The best kinds of MOOCs are those where participants themselves create most of the content and discussions. Instructors add value when they are able to navigate and curate emerging content so that it is becomes more easily obtained and understood by all. A MOOC can have starting and ending dates, but the resulting interactions and outcomes from the MOOC remain as a digital "footprint" for all to witness - an artifact that could also be contributed to afterwards as well. This degree of openness and the desire to leave something behind can motivate one to participate (to the degree that individual objectives are recognizable), but becomes a challenge anytime a learning management system (LMS) becomes a mandatory part of the learning design - not saying this is the case here with edX.  This leads me to the following question:
Is it possible to receive a credential (credits, certificate, badge, etc.) for having completed a MOOC without using an LMS?

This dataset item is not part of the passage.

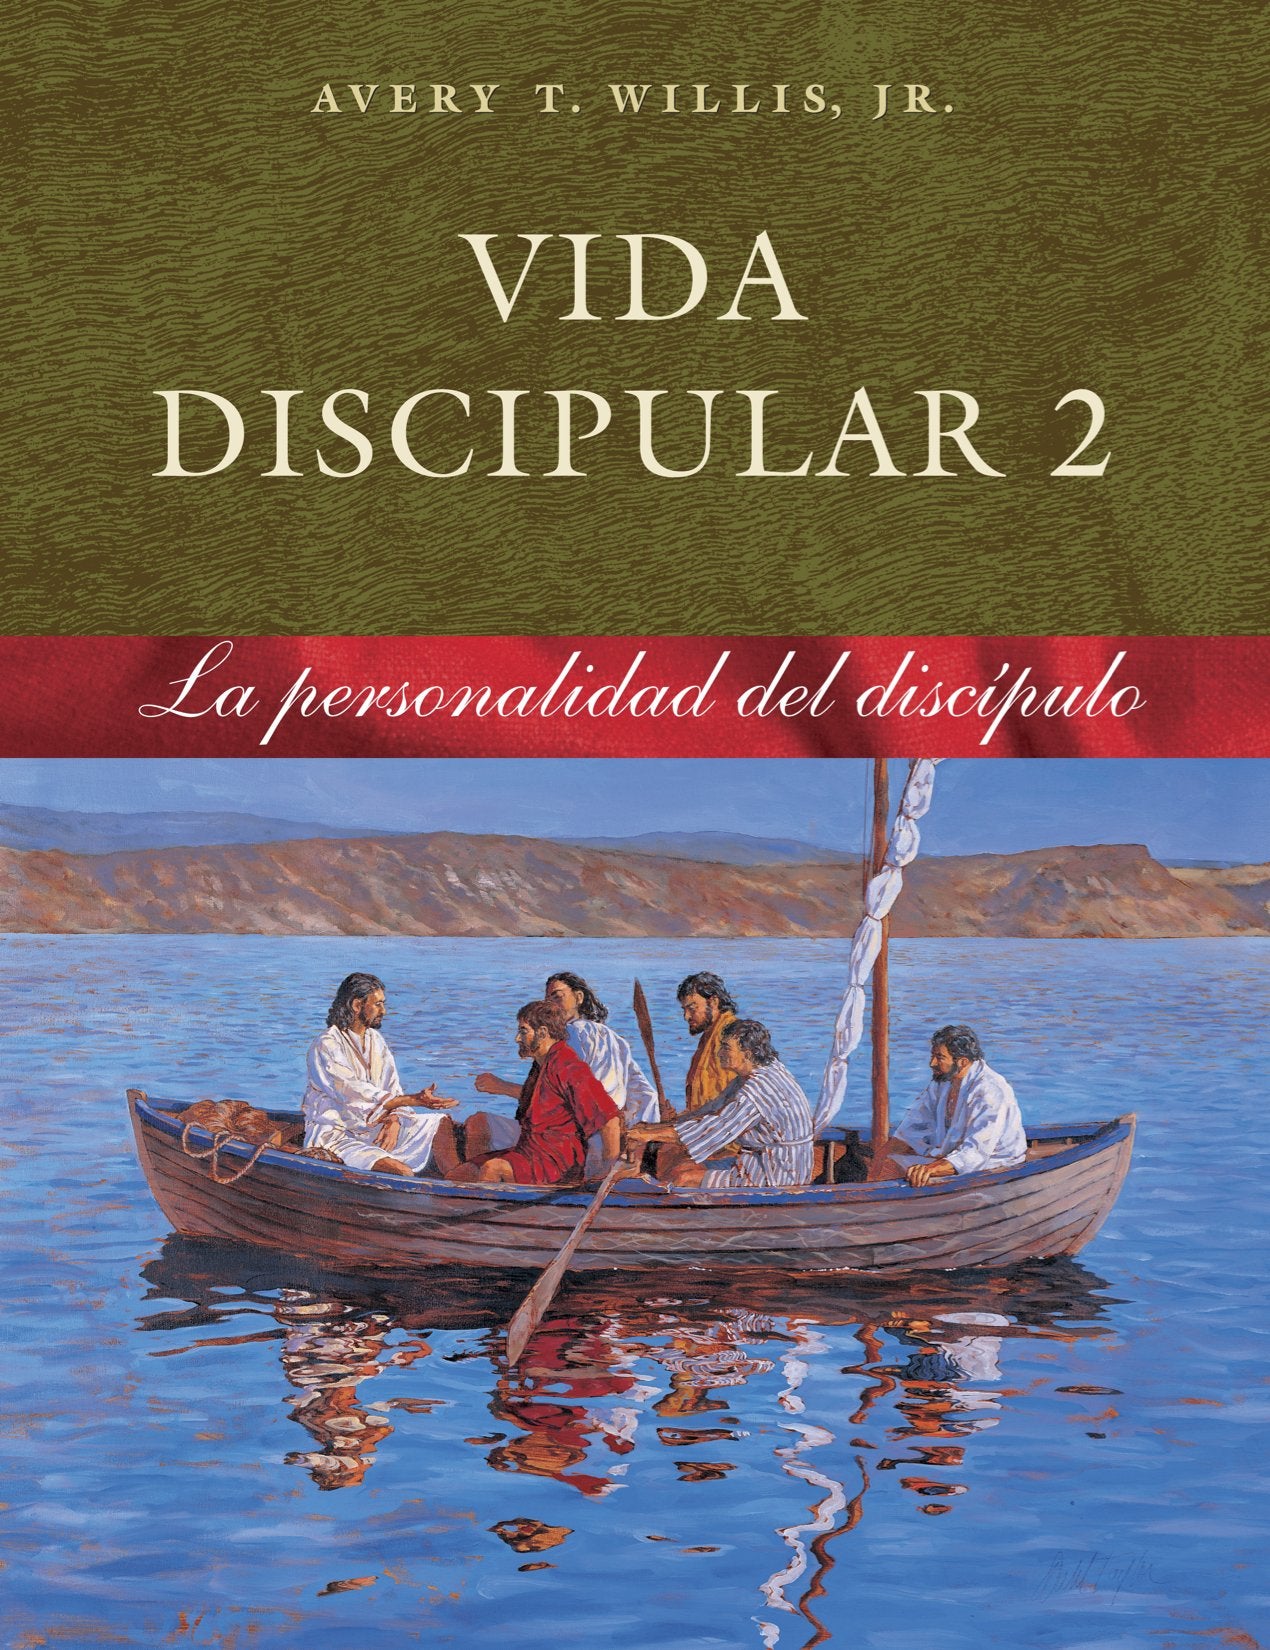 Vida discipular 2: La Personalidad del discípulo

The reality is that some prefer using an LMS while others do not. MOOC designers will need to account for this by determining how open the course could potentially be.

This is what I'll be reflecting on as I take this course: how the degree of openness impacts decision-making processes around licensing, open educational resources (OERs), and learning analytics.

Tuesday, September 12, 2017

#OpenEdMOOC Opens in October



Yesterday, I learned about the MOOCIntroduction to Open Education course, per Jenny Connected (via Twitter) - #OpenEdMOOC. With most MOOCs that I have taken part in, I am more interested in what the participants of the MOOC have to say than I am in whether or not I achieve stated objectives. Clearly, the instructors have a following for a reason but I have often learned more from the concatenation of MOOCs than from any one-to-many, broadcast spray of information intended to inform a public audience.

Another thing that caught my attention was that this course - apparently about cMOOC principles - was being offered as an xMOOC.
Will the way the course is being delivered align with the learning objectives of the course?

I am also curious whether or not I will lose interest in the course like I am known to do when taking a MOOC of this kind. From the scant amount of information found in the syllabus, there is little in the way of essential questions that foster critical or creative thought that might help in this regard. Perhaps the idea is to allow critical inquiry to emerge over time, which is also an approach.

As always, I am more interested in the design and delivery of the course and how participants interact than anything else.  The MOOC experience has always been a metaexperience for me, and one that invariably trickles over into my own teaching practice (for better or worse).  Hopefully there is room for Wiley and Siemens (the course instructors) to share some insights along the way into how they chose to design and deliver the course in this way, and how MOOCs might live in both formal and informal educational contexts.